Part of the UK Ministry of Defence element of the STOW programme investigated the time and cost drivers pertaining to the entire process of the rapid generation of Synthetic Natural Environments (SNE) databases. Data requirements, products, information and systems were analysed to identify bottlenecks and gaps. Traditionally, construction of SNE databases is a time consuming and very labour intensive exercise. It involves a very high degree of effort to generate the required source terrain and feature data, and significant further effort to convert source data into a compiled SNE database.
Standard military datasets are typically used to provide the bulk of the data for a SNE database (e.g. DTED and DFAD). However, such datasets may not be available for the specific area of interest, they may be at an inappropriate scale, they require augmentation and they are likely to be based on out-of-date mapping sources. An alternative worldwide and up-to-date source is required. The new series of Earth Observing satellites are creating a large archive of up-to-date geospatial data. The major blockage has moved down the value-added chain and it is the conversion of data into information that has become the major time and cost driver.
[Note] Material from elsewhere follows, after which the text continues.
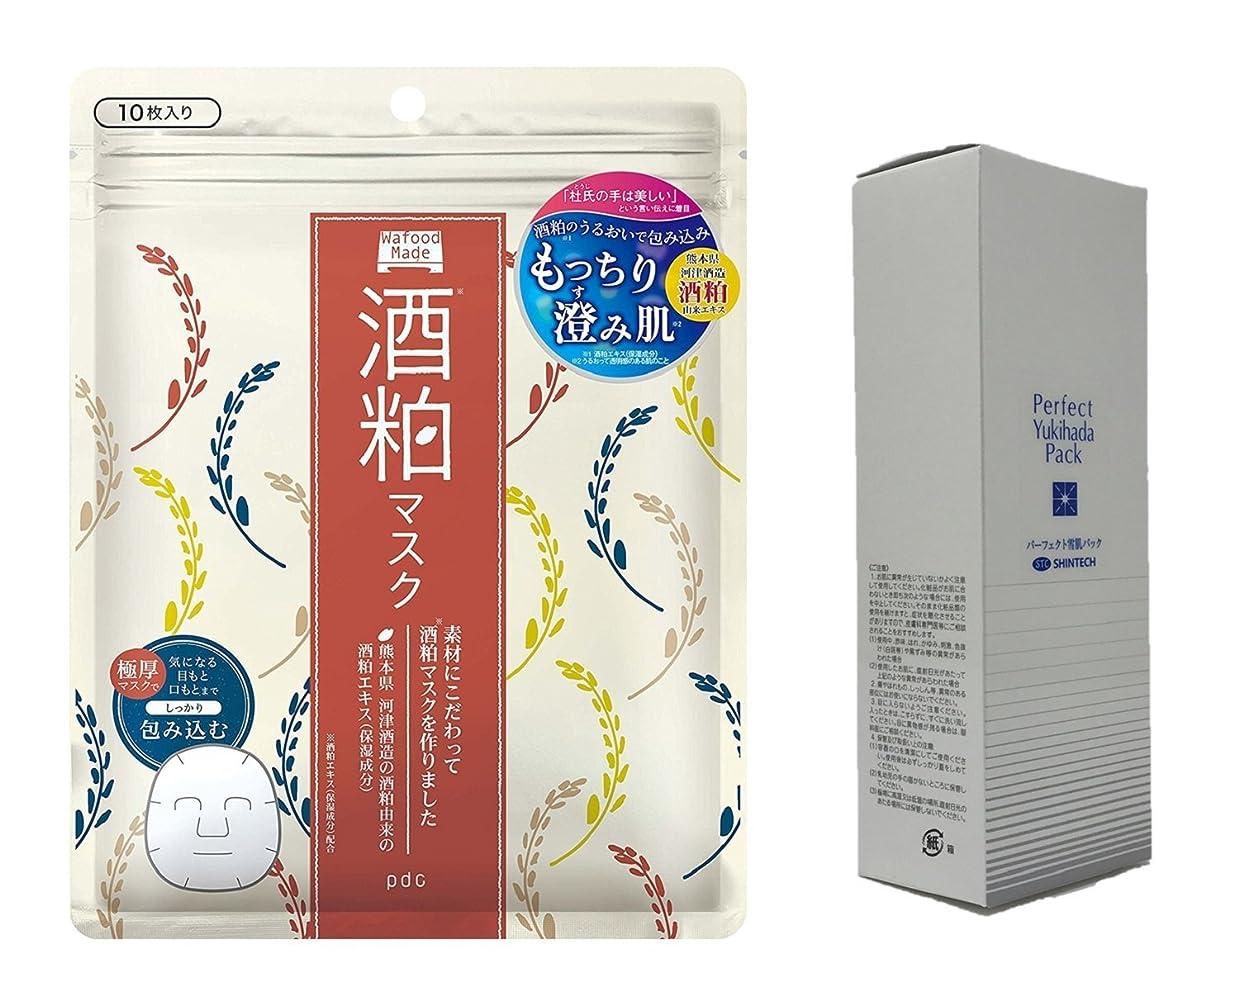 シンボル算術憂慮すべきワフードメイド酒粕マスク 10枚入りとパーフェクト雪肌フェイスパック 130g 日本製 美白、保湿、ニキビなどお肌へ SHINTECH

An approach to automated feature extraction from EO imagery is presented which uses an object-orientated geodata model as the framework to store contextual knowledge and to use this in the control of feature extraction routines. The problem of geographic extraction has proved complex and ideally requires the incorporation of contextual clues similar to those used by human interpreters of imagery. Often the feature recognition algorithms work at local levels and in a bottom-up fashion and lack the higher level control that would allow a more global understanding of parts of the image. The paper proposes a control strategy that incorporates both the global and local views.
The geodata model comprises a class hierarchy representing the features under study and their likely relationships. Each class of object within this model contains criteria that need to be satisfied in order to strengthen the belief that an instance of that object type has been recognised. The criteria cannot be rigid and the system must be able to control partial recognition of objects and identify conflicts. The system described will apply these ideas to the problem of geographic object recognition, focusing on the specific requirements of linear feature extraction.